**Task instructions**
Wherever pictures appear in the listing below, leave them out, and copy exactly, and only, everything from the line with "BLACK OVAL-FRAME OPTICAL GLASSES" down to the line with "Food processor with".

**Data excerpts**

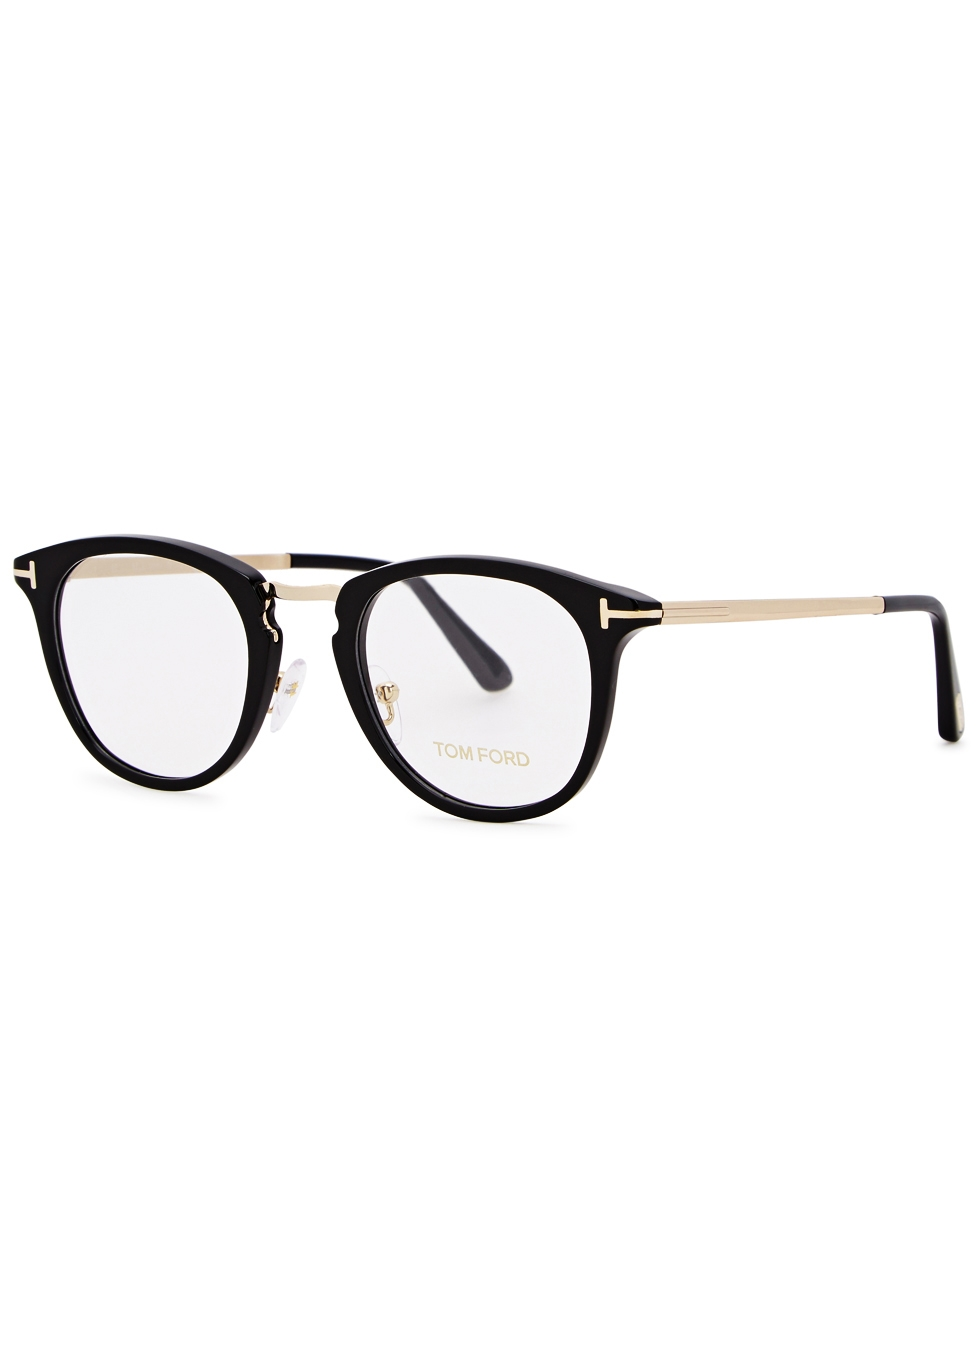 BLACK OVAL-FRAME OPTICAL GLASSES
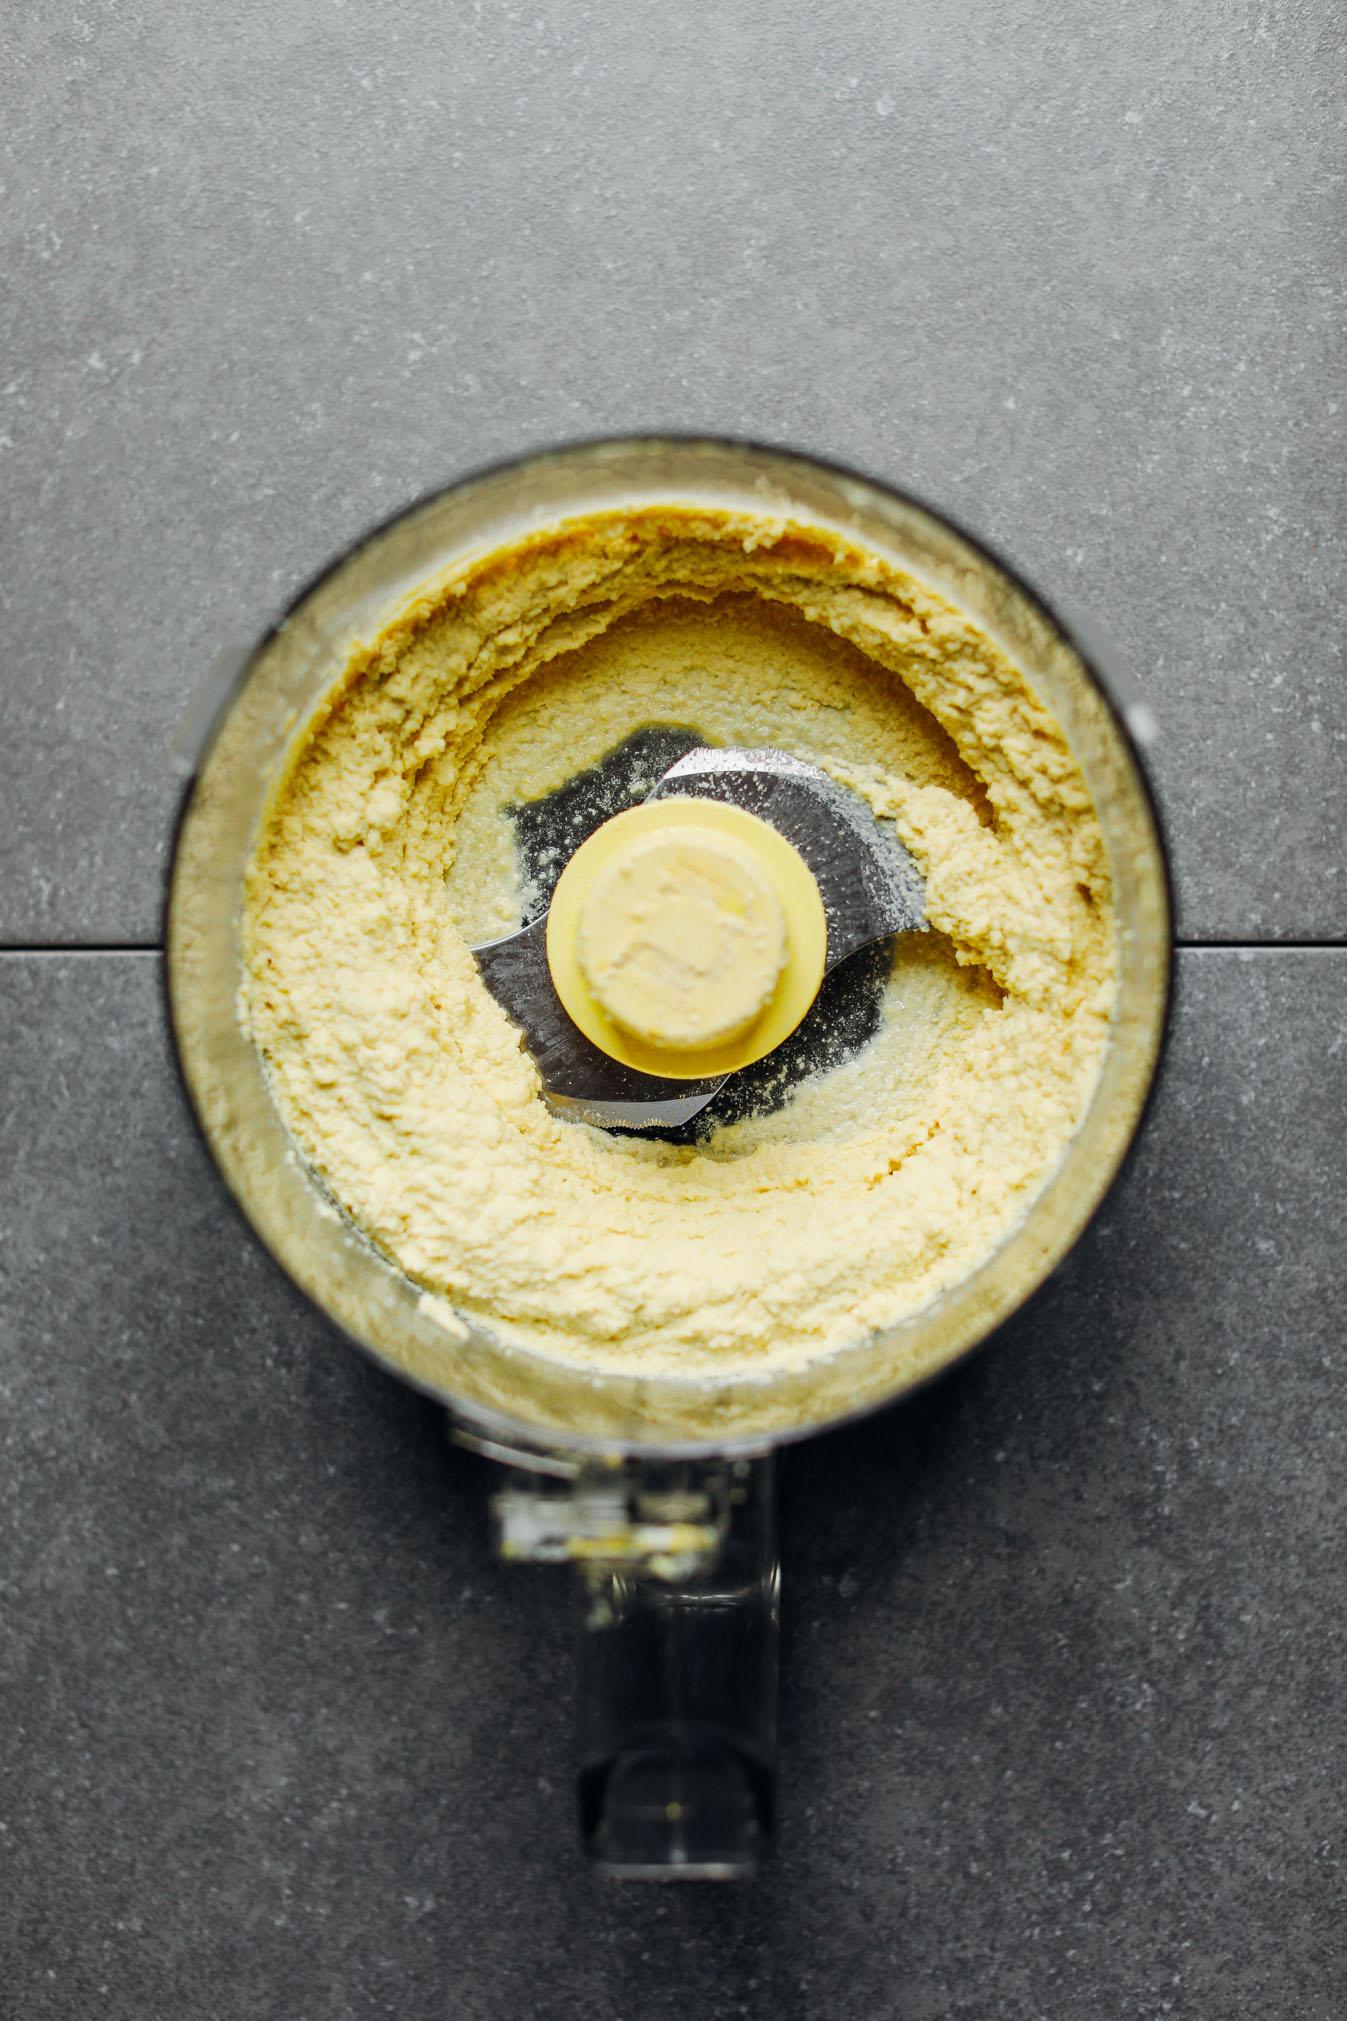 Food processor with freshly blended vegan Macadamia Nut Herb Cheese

---

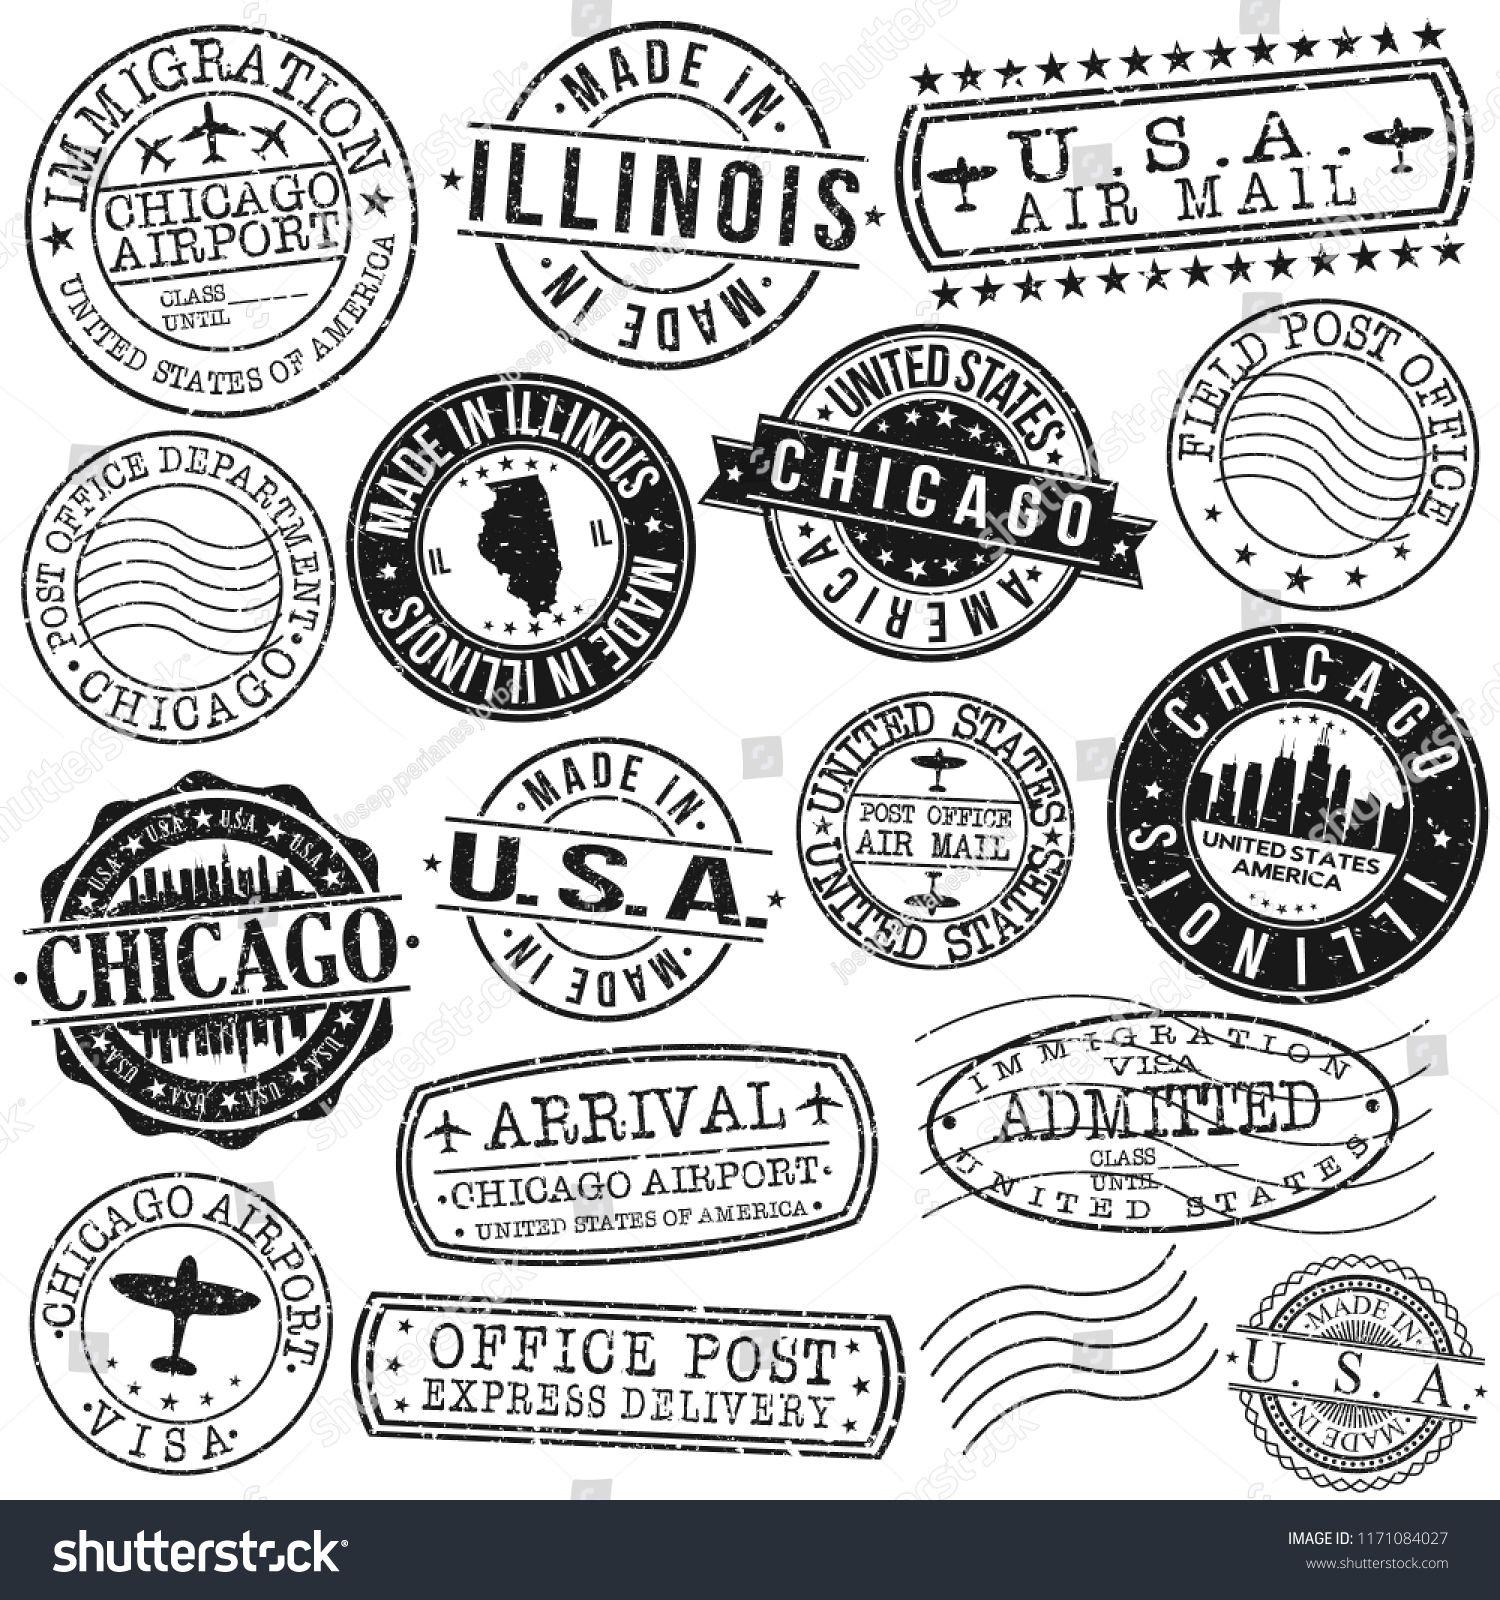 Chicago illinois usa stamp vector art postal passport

**Written response**
 BLACK OVAL-FRAME OPTICAL GLASSES
 Food processor with freshly blended vegan Macadamia Nut Herb Cheese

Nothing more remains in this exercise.